0 votes
in Reinforcement Learning by
Why do regular Q-Learning and DQN overestimate the Q values?

1 Answer

0 votes
by
Regular Q-learning and Deep Q-Networks (DQN) can overestimate Q-values in certain situations because they use the same set of weights to estimate both the action-value function and the target value in their update rules.

In regular Q-learning, the update rule for the Q-value is:

Q(s, a) ← Q(s, a) + α [r + γ max(Q(s', a')) - Q(s, a)]

where r is the immediate reward, γ is the discount factor, and α is the learning rate. The max(Q(s', a')) term is an estimate of the optimal Q-value for the next state s', and the Q(s, a) term is an estimate of the Q-value for the current state-action pair (s, a). However, in some cases, the max(Q(s', a')) term may overestimate the true value of the Q-function, leading to an overestimate of the Q-value for the current state-action pair (s, a).

Similarly, in DQN, the update rule for the Q-value is:

Q(s, a) ← Q(s, a) + α [r + γ max(Q'(s', a')) - Q(s, a)]

where Q'(s', a') is the target network used to estimate the Q-value for the next state-action pair. Like regular Q-learning, DQN can also overestimate Q-values if the target network overestimates the Q-values for the next state-action pair.

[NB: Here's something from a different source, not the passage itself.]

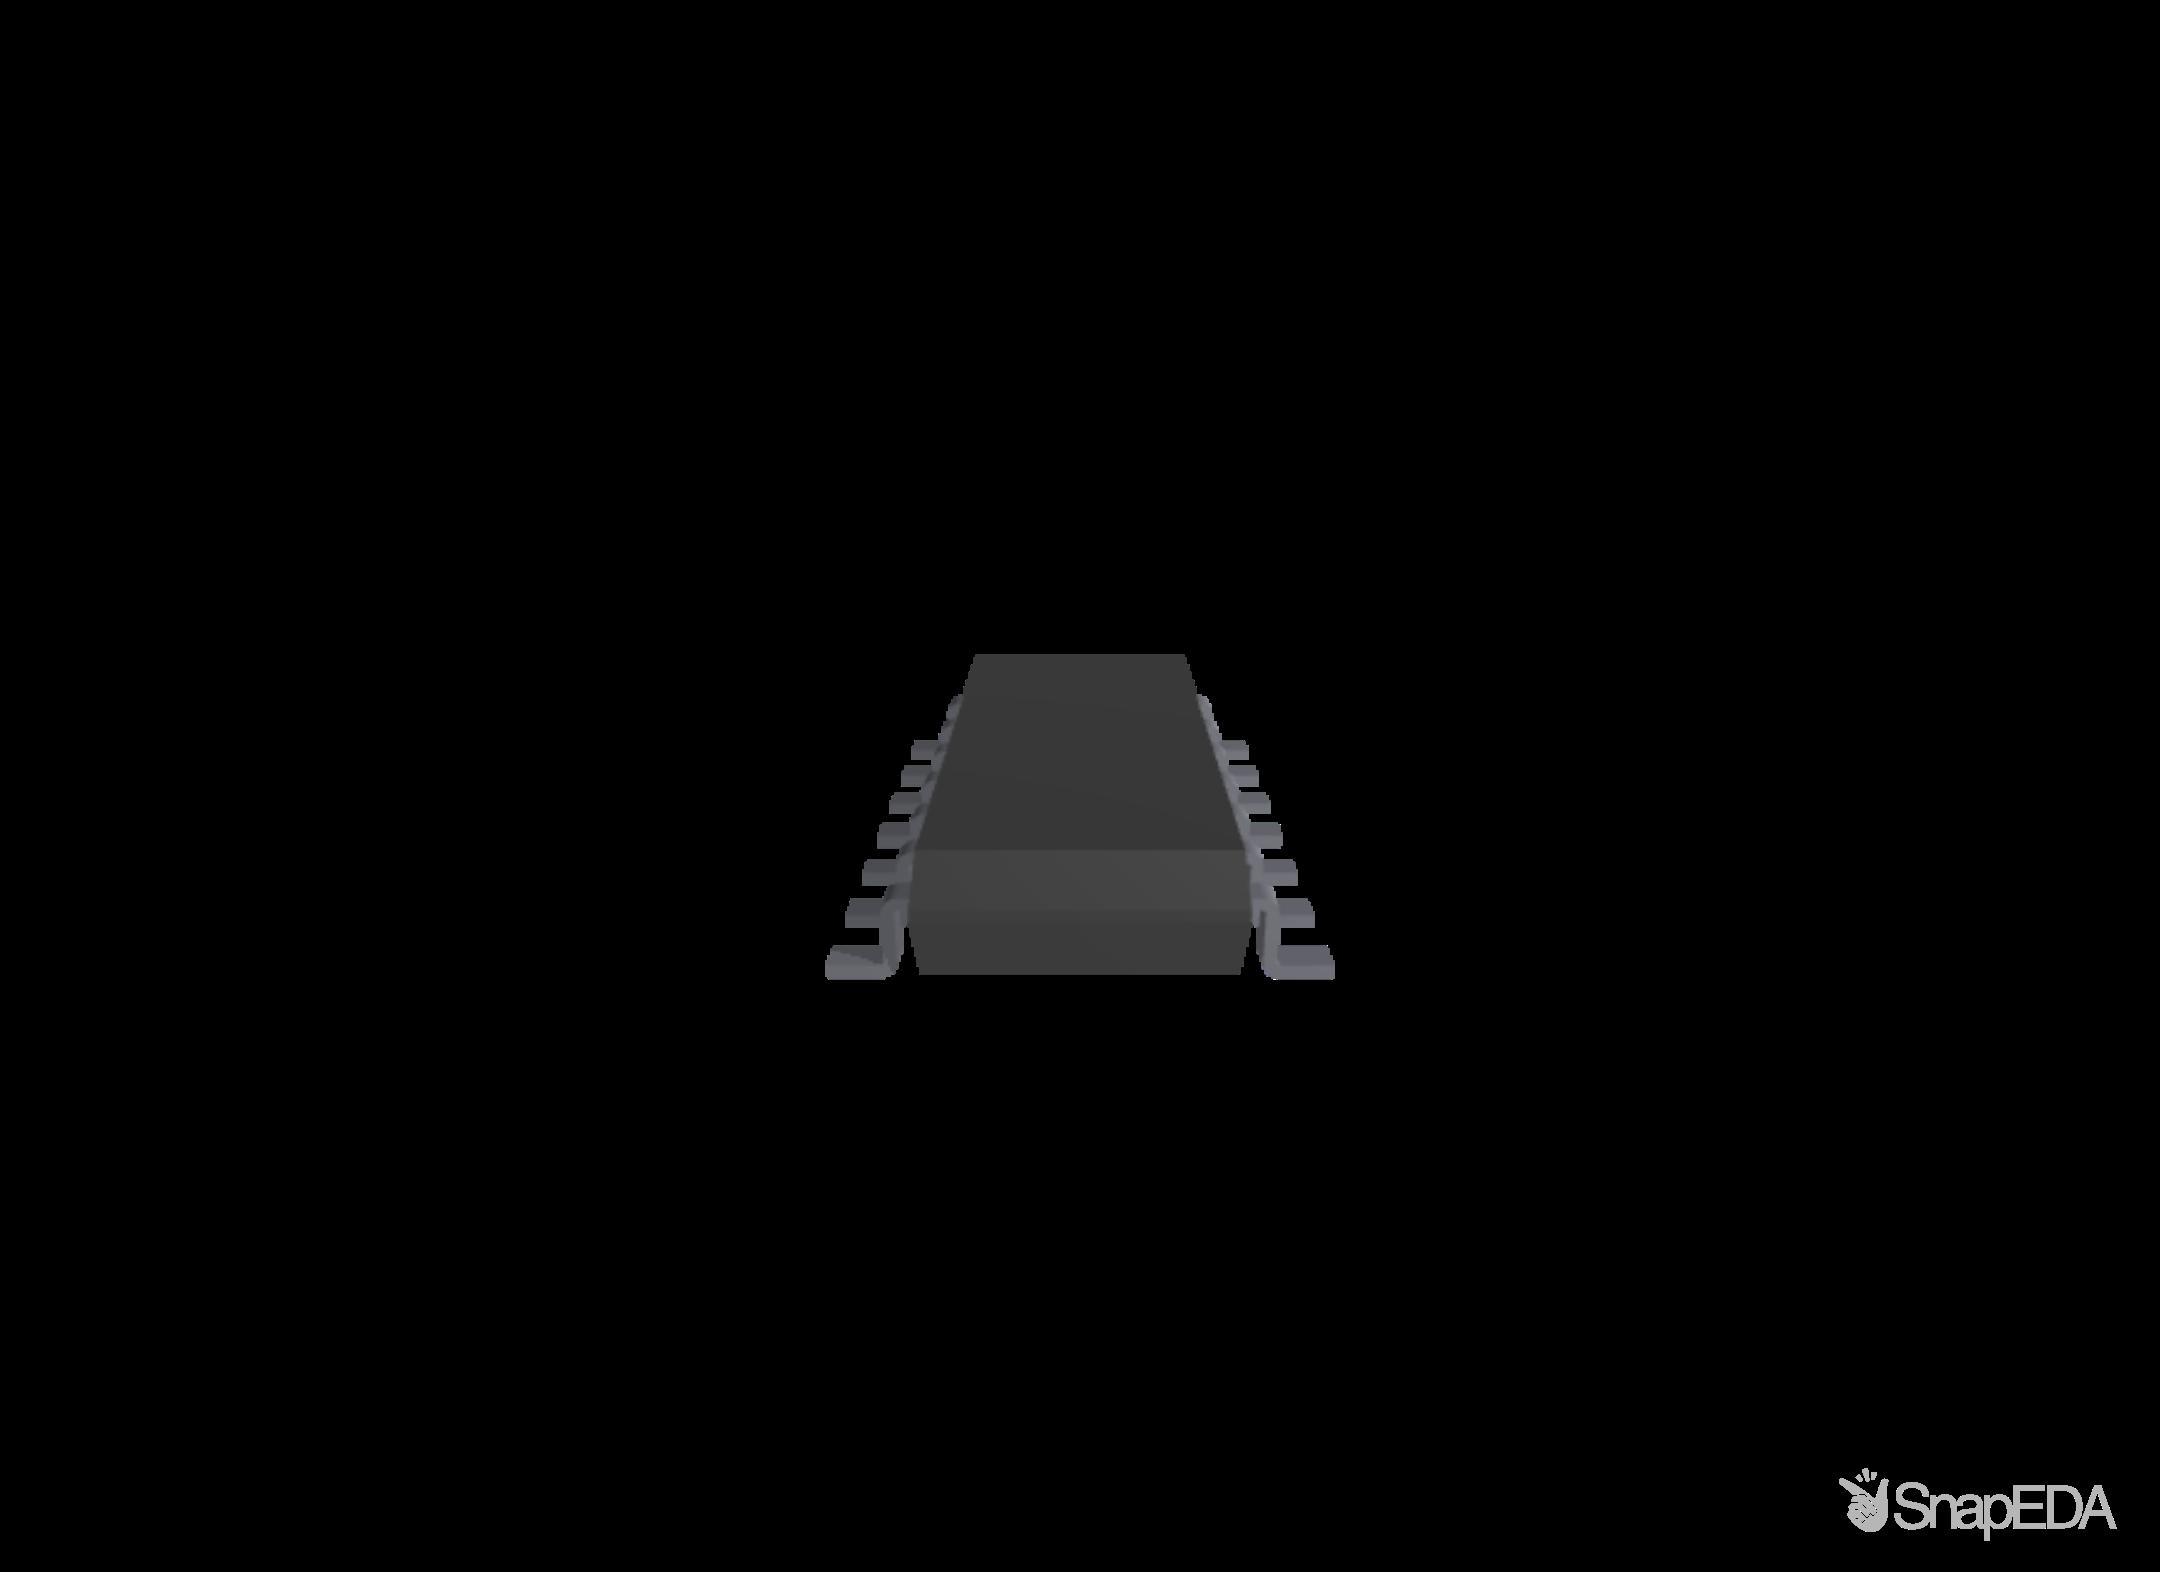 SN74HC4066DT 3D Model
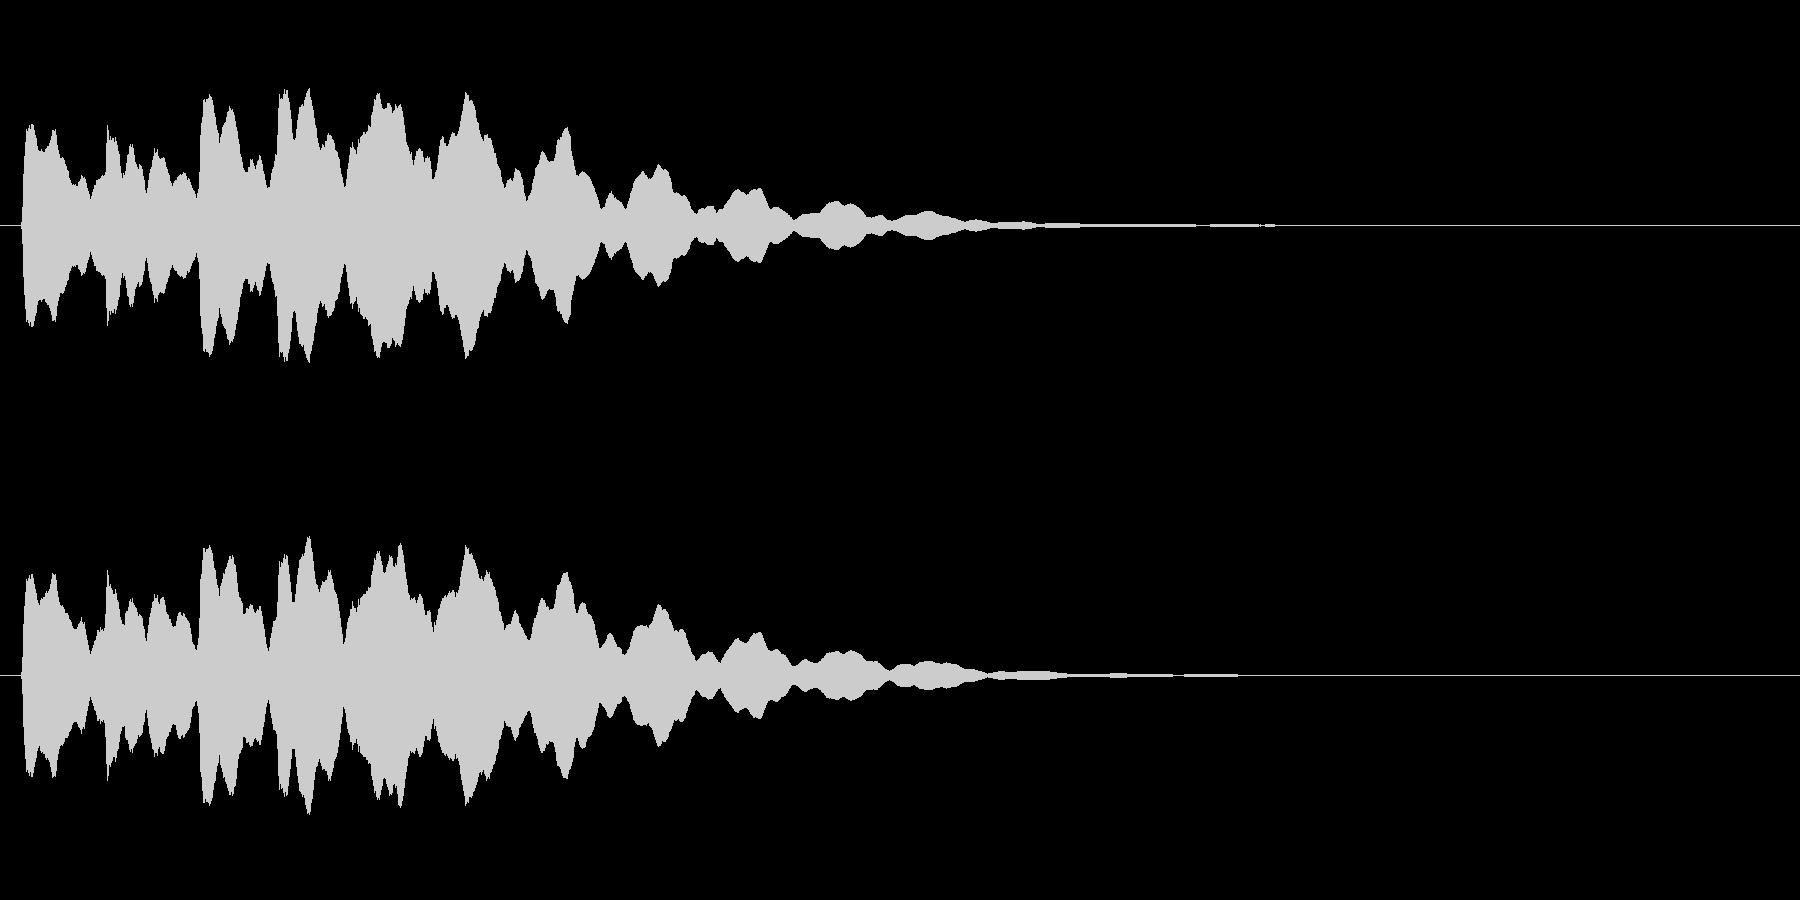 ベル6音、電話着信音【リリリリリリーン】の未再生の波形

To address this overestimation issue, several modifications have been proposed, such as Double Q-learning, which uses two sets of weights to estimate the action-value function and the target value, and prioritized experience replay, which gives higher priority to experiences with higher TD errors. These modifications have been shown to improve the stability and performance of Q-learning and DQN.
...